EXERCISE DETAILS: Repeat the data word for word, excluding every picture.

STORED DATA:
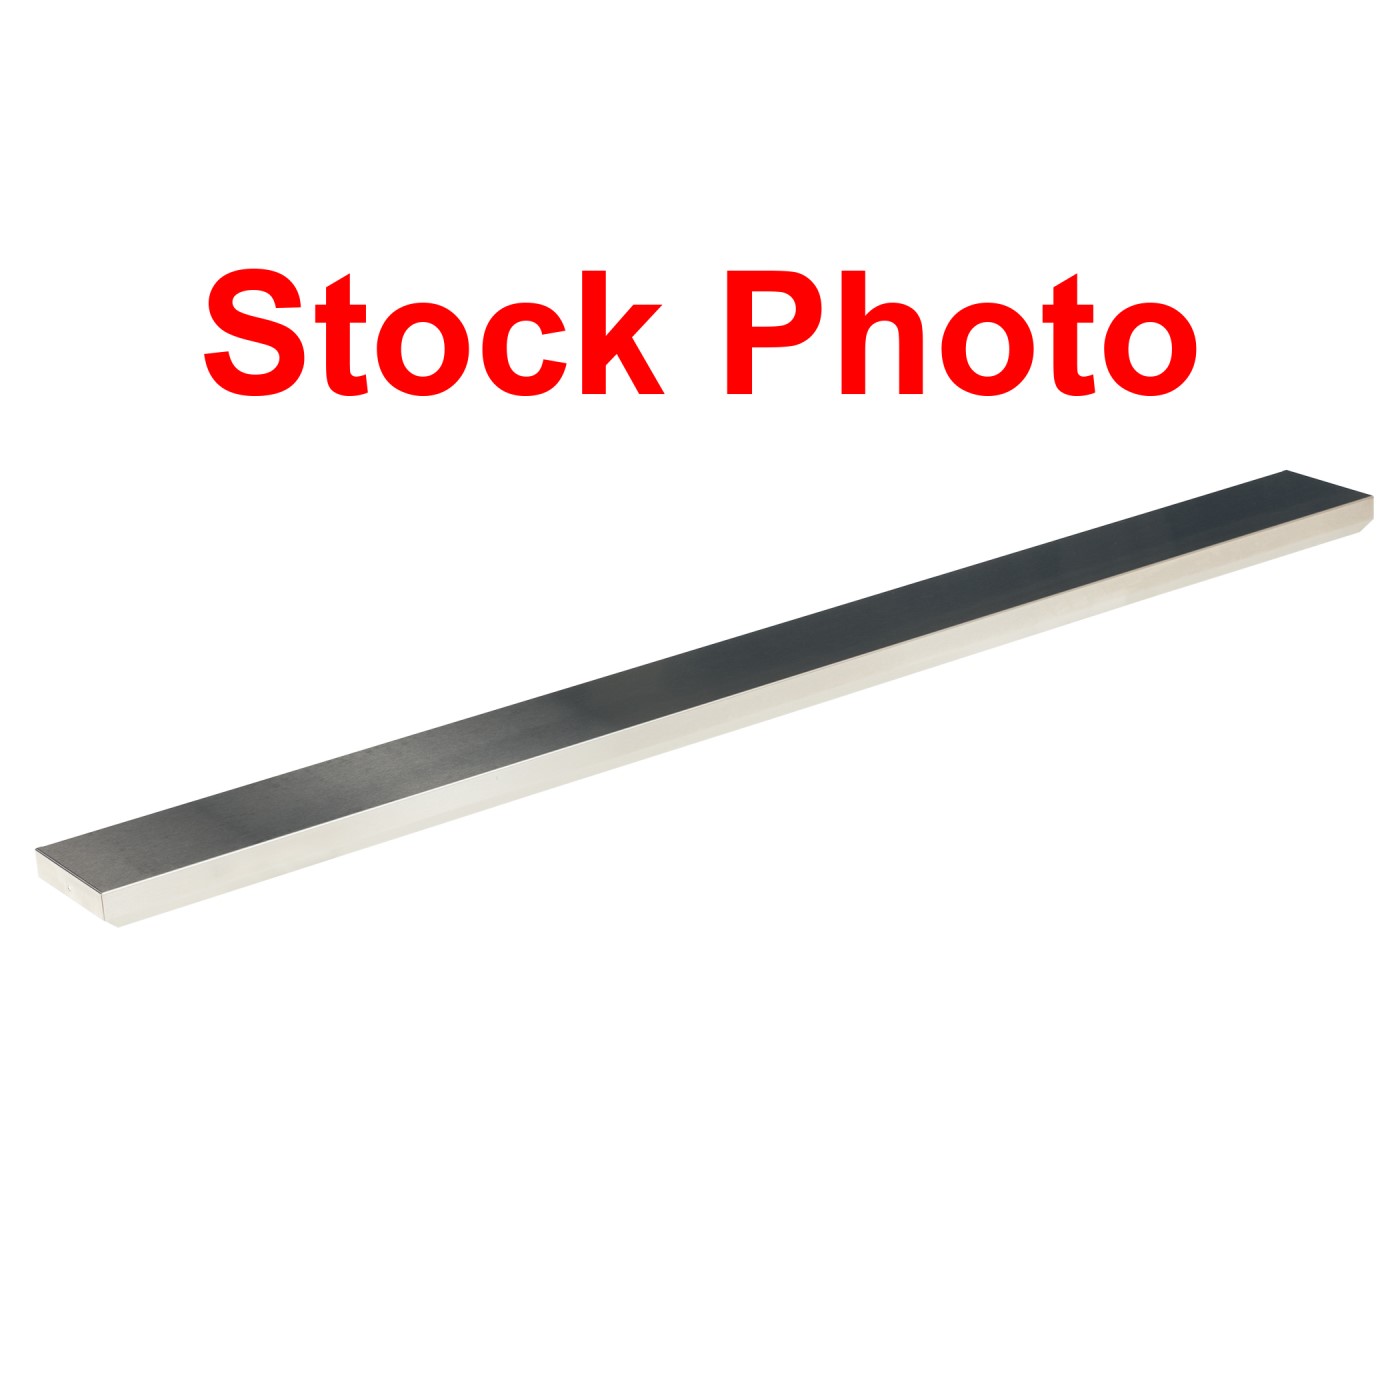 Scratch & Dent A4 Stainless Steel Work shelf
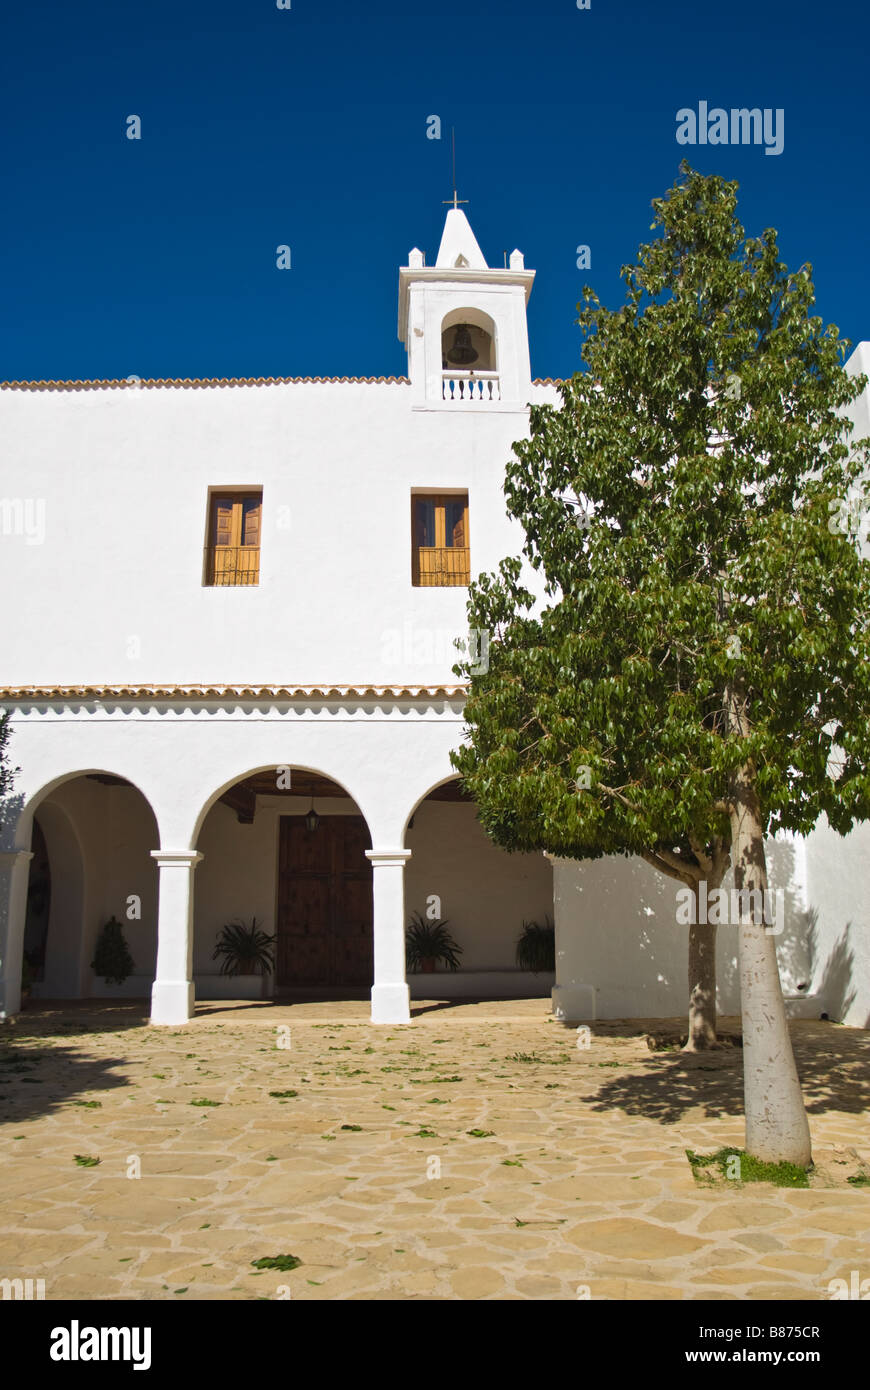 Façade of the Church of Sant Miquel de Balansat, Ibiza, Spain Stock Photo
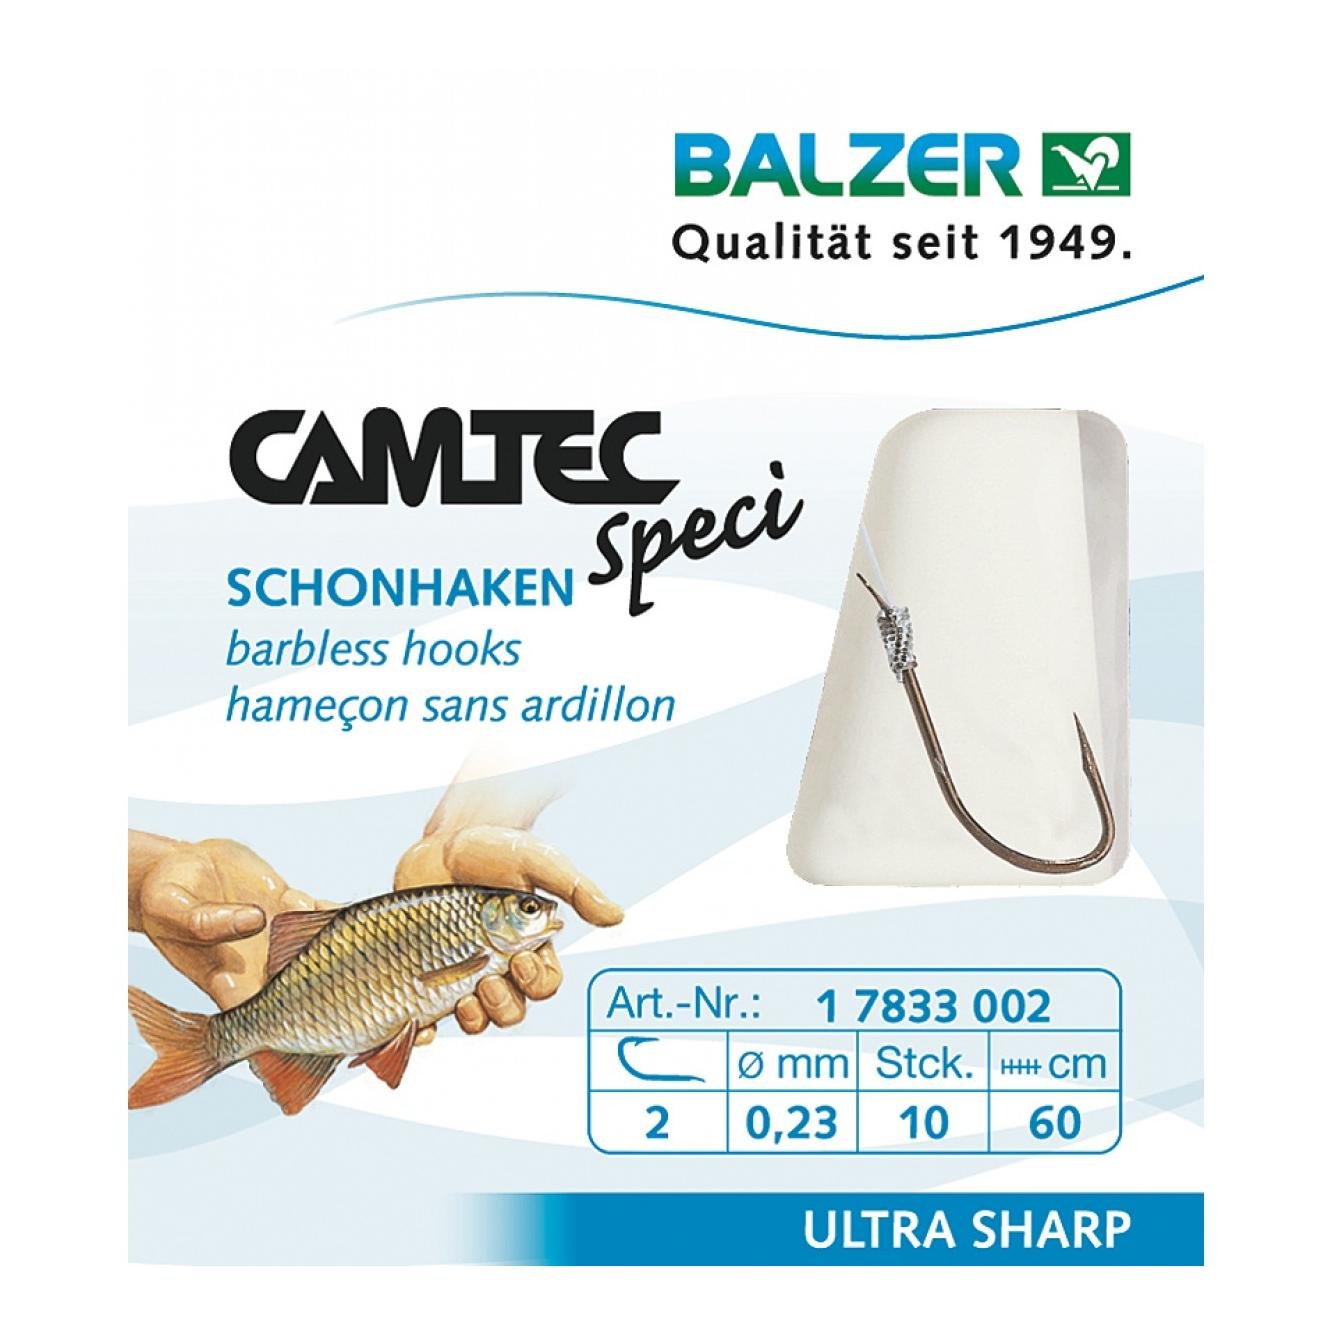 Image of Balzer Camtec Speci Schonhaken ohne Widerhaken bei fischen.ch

REPLY:
 Scratch & Dent A4 Stainless Steel Work shelf
 Façade of the Church of Sant Miquel de Balansat, Ibiza, Spain Stock Photo
 Image of Balzer Camtec Speci Schonhaken ohne Widerhaken bei fischen.ch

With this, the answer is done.